Solving Triangular Systems

Triangular linear system occur as the result of an LU or a QR decomposition.

Ill Conditioned Matrices and Quad Doubles

Consider the 4-by-4 lower triangular matrix

\[\begin{split}L = \left[ \begin{array}{rrrr} 1 & 0 & 0 & 0 \\ -2 & 1 & 0 & 0 \\ -2 & -2 & 1 & 0 \\ -2 & -2 & -2 & 1 \end{array} \right].\end{split}\]

What we know from numerical analysis:

  1. The condition number of a matrix magnifies roundoff errors.

  2. The hardware double precision is \(2^{-52} \approx 2.2 \times 10^{-16}\).

  3. We get no accuracy from condition numbers larger than \(10^{16}\).

An experiment in an interactive Julia session illustate that ill conditioned matrices occur already in modest dimensions.
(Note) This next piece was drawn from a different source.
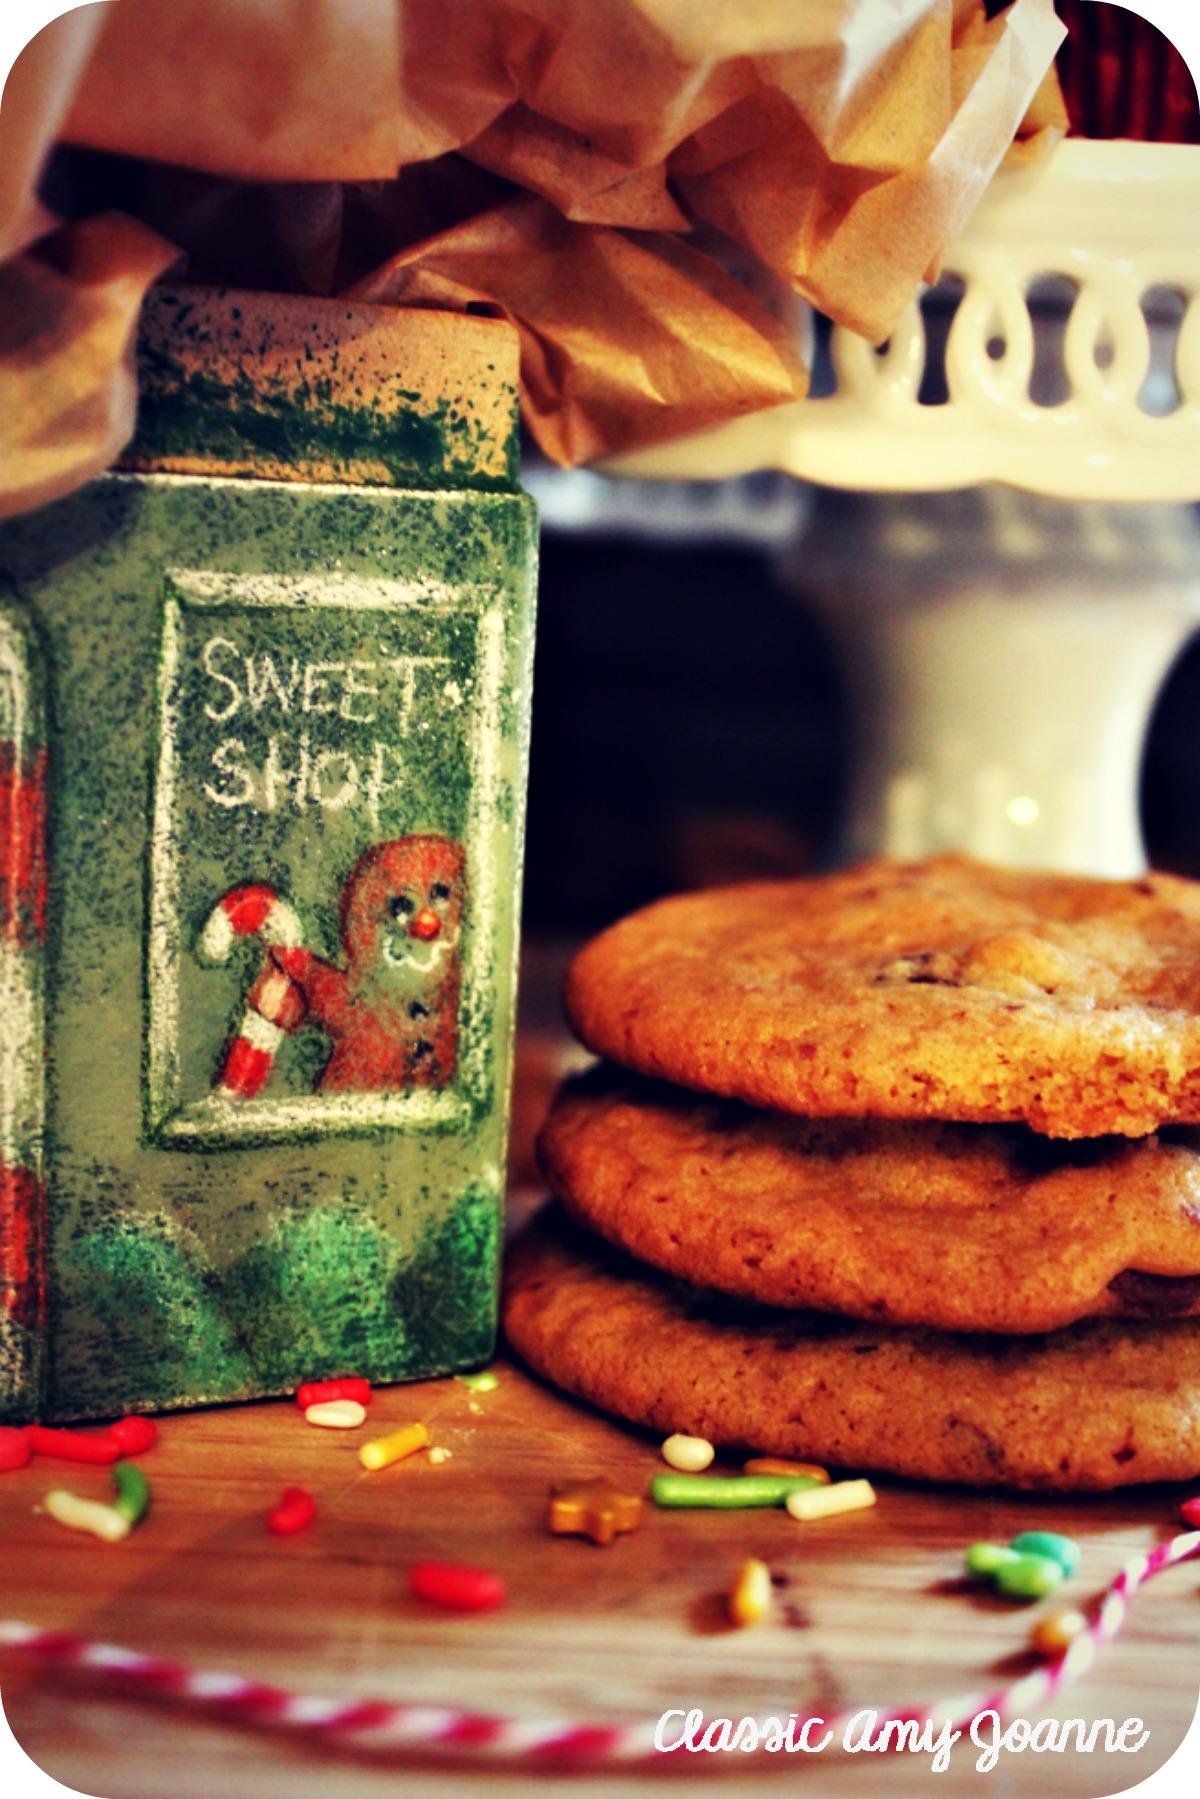 sweet good 9 (2)

julia> using LinearAlgebra

julia> A = ones(32,32);

julia> D = Diagonal(A);

julia> L = LowerTriangular(A);

julia> LmD = L - D;

julia> L2 = D - 2*LmD;

julia> cond(L2)
2.41631630569077e16

The condition number is estimated at \(2.4 \times 10^{16}\).

A floating-point number consists of a sign bit, exponent, and a fraction (also known as the mantissa). Almost all microprocessors follow the IEEE 754 standard. GPU hardware supports 32-bit (single float) and for compute capability \(\geq 1.3\) also double floats.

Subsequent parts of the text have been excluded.